Ruller’s statement isn’t about accuracy, civility or safety. It’s about controlling the narrative and disengaging from real oversight. A confident institution answers criticism with facts and evidence. It doesn’t threaten to disengage. It doesn’t pretend public officials are private citizens. And it doesn’t complain that democracy is too expensive.
And then there’s our lordly mayor, late to the party of salvaging his public image, taking to Facebook to sneer at “print media” and echo the same line of attack.
He writes that “print media” outlets are failing in their democratic role, blames “business model challenges” and suggests that opinion is “replacing” journalism — as if commentary is some kind of corruption rather than a core function of a free press. He assures readers that “all opinions are valid,” while simultaneously telling them to treat opinion as something lesser, something to be discounted.
That’s not a defence of facts. It’s a way to delegitimize criticism without answering it.
It’s also rich, coming from a mayor whose administration is actively making it harder to access public information and now threatening to disengage from questions it doesn’t like. If you want fewer “opinions,” start by answering questions. Start by releasing documents. Start by respecting scrutiny instead of trying to manage it.
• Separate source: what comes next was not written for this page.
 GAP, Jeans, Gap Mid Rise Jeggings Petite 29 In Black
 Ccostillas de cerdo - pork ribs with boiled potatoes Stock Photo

The town needs to decide what it actually believes in: real accountability, or a carefully curated version where only the “right” questions get answered. You can’t claim to support a free press while openly and brazenly building a system to ignore it.
We’ll be here regardless, asking the questions, publishing the answers we’re given, and pointing out when they aren’t good enough. And during the election campaign this fall, we’ll make sure voters remember exactly who tried to teach this town that accountability is optional.